Trump Campaign Floats Every Defense In the Book For Second Amendment Fiasco

He didn't mean that.
Donald Trump seemed to suggest that people could use the Second Amendment to "do" something if Hillary Clinton were elected in November during a rally in North Carolina on Tuesday.
Donald Trump seemed to suggest that people could use the Second Amendment to "do" something if Hillary Clinton were elected in November during a rally in North Carolina on Tuesday.
Credit: Raleigh News & Observer/Getty Images

Donald Trump’s campaign has been scrambling to explain the Republican nominee’s apparent suggestion on Tuesday that Hillary Clinton and her Supreme Court picks be shot if the Democrat wins in November.

Trump surrogates and campaign staffers have offered a barrage of half-hearted excuses, ranging from the generic “he was just saying go vote!” to blaming the media for making assumptions, since Trump’s appearance earlier in the day in North Carolina. “If she gets to pick her judges ― nothing you can do, folks,” Trump told supporters with a shrug. “Although, the Second Amendment people. Maybe there is. I don’t know.”

Here are some of the excuses:

He didn’t mean that. Former New York Mayor Rudy Giuliani said Trump meant voters “have the power to campaign against her.” According to CNN’s Jeremy Diamond, Giuliani continued to say the media spun out a nonexistent thread toward shooting Clinton.

“I saw it, I heard it, I know what it meant,” Giuliani said. “I know how the crowd reacted to it.”

He was talking about gun control. Trump spokeswoman Katrina Pierson said the comments weren’t at all an endorsement of violence, but rather a statement about Clinton and the Second Amendment.

“He was talking about Hillary Clinton and gun control ... Hillary Clinton is a gun grabber,” Pierson told CNN’s Jake Tapper. “Mr Trump was clearly pointing that out as he does every day on the campaign trail.”

Tapper noted that Trump appeared to be talking about voters’ responses after Clinton were elected. But Pierson said her boss was talking about what “could happen” and how voters should get out and vote to protect their right to bear arms.

He was just saying go vote.
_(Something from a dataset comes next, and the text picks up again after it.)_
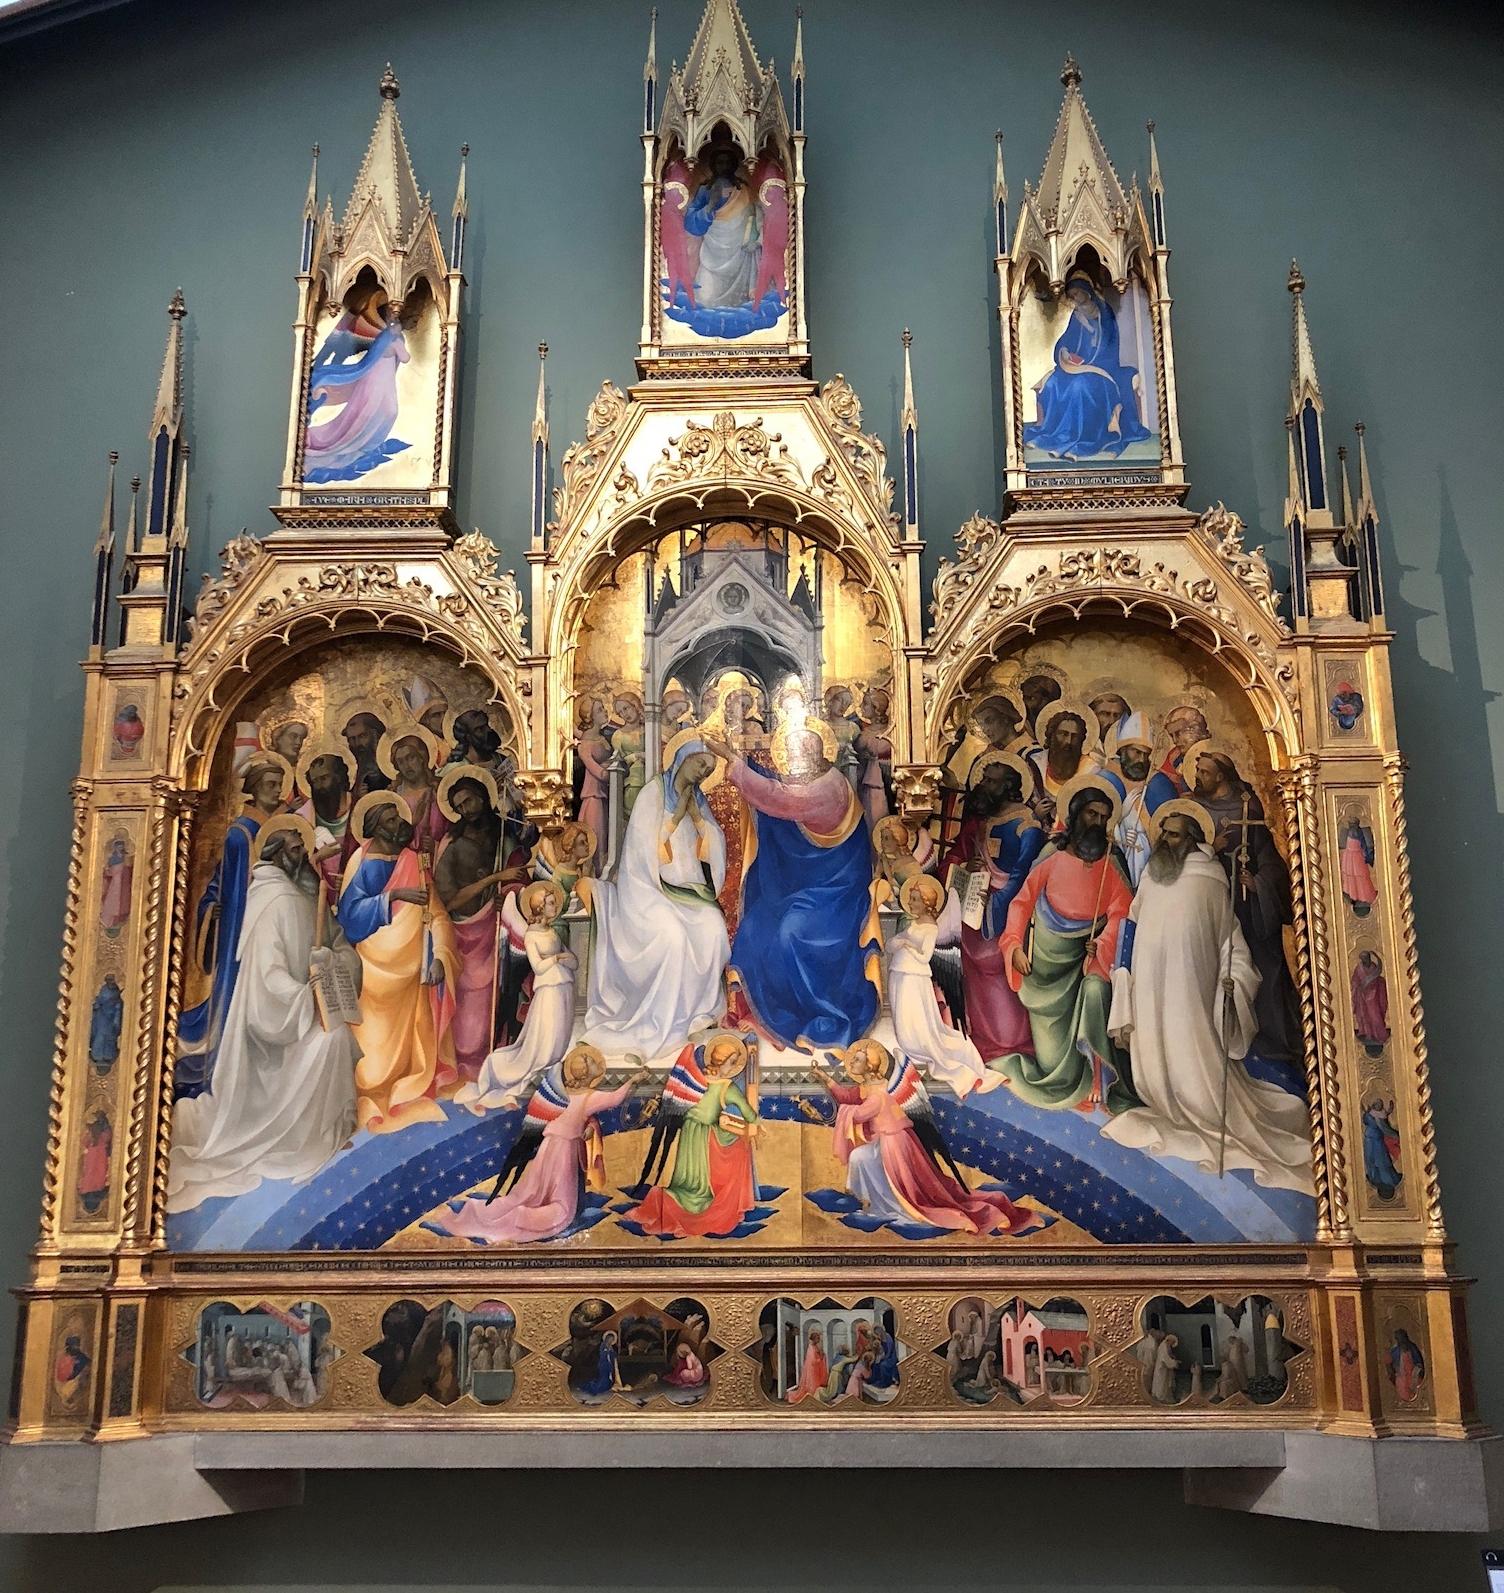 Coronation of the Virgin, circa 1414, tempera on wood by Lorenzo Monaco at the Uffizi Museum.
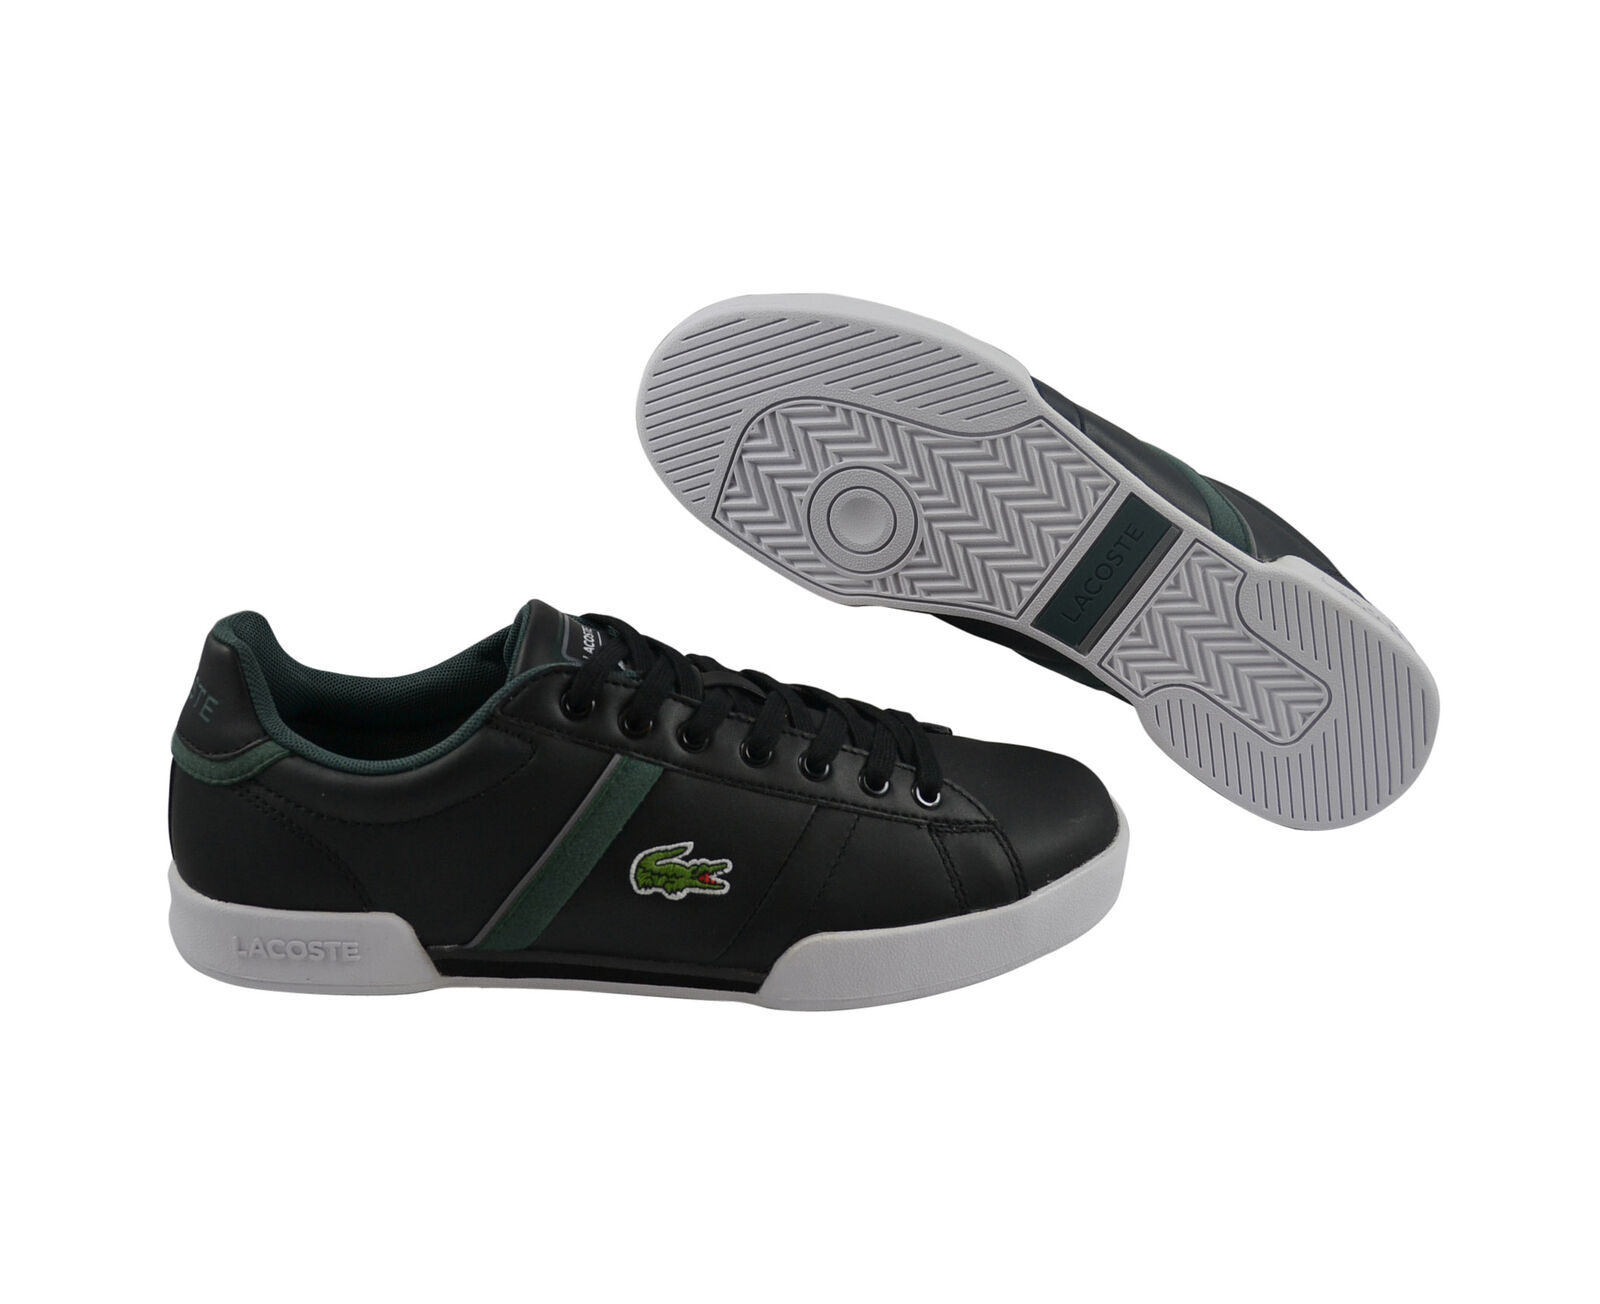 Lacoste deston put SPM negro negro zapatos cortos negro

Trump communications adviser Jason Miller said his boss’ comments were meant to spur “American voters who are passionate about their Second Amendment rights ... to use that power at the ballot box.” Any suggestion otherwise, Miller told CBS News’ Major Garrett, was “desperate,” “outrageous” and “ridiculous.”

He uses metaphors all the time. Rep. Duncan Hunter (R-Calif.) said Trump’s comments were simply a play on words. “What he meant was we can stop Hillary Clinton from being elected,” he told CNN’s Wolf Blitzer. Blitzer noted that Trump was talking about a future when Clinton was already in office, but Hunter responded that Trump sometimes “says things that the way they come out are not the way he means.”

Clinton lies more than Trump is outspoken. Former GOP presidential candidate Newt Gingrich simply pointed a finger at Clinton in an email response to Trump’s comments. “Trump goes off script less often than Hillary lies,” he wrote.

On Tuesday evening, the U.S. Secret Service, tasked with protecting the president and leading presidential candidates, tweeted that the agency was aware of Trump’s comments.

Editor’s note: Donald Trump regularly incites political violence and is a serial liar, rampant xenophobe, racist, misogynist and birther who has repeatedly pledged to ban all Muslims ― 1.6 billion members of an entire religion ― from entering the U.S.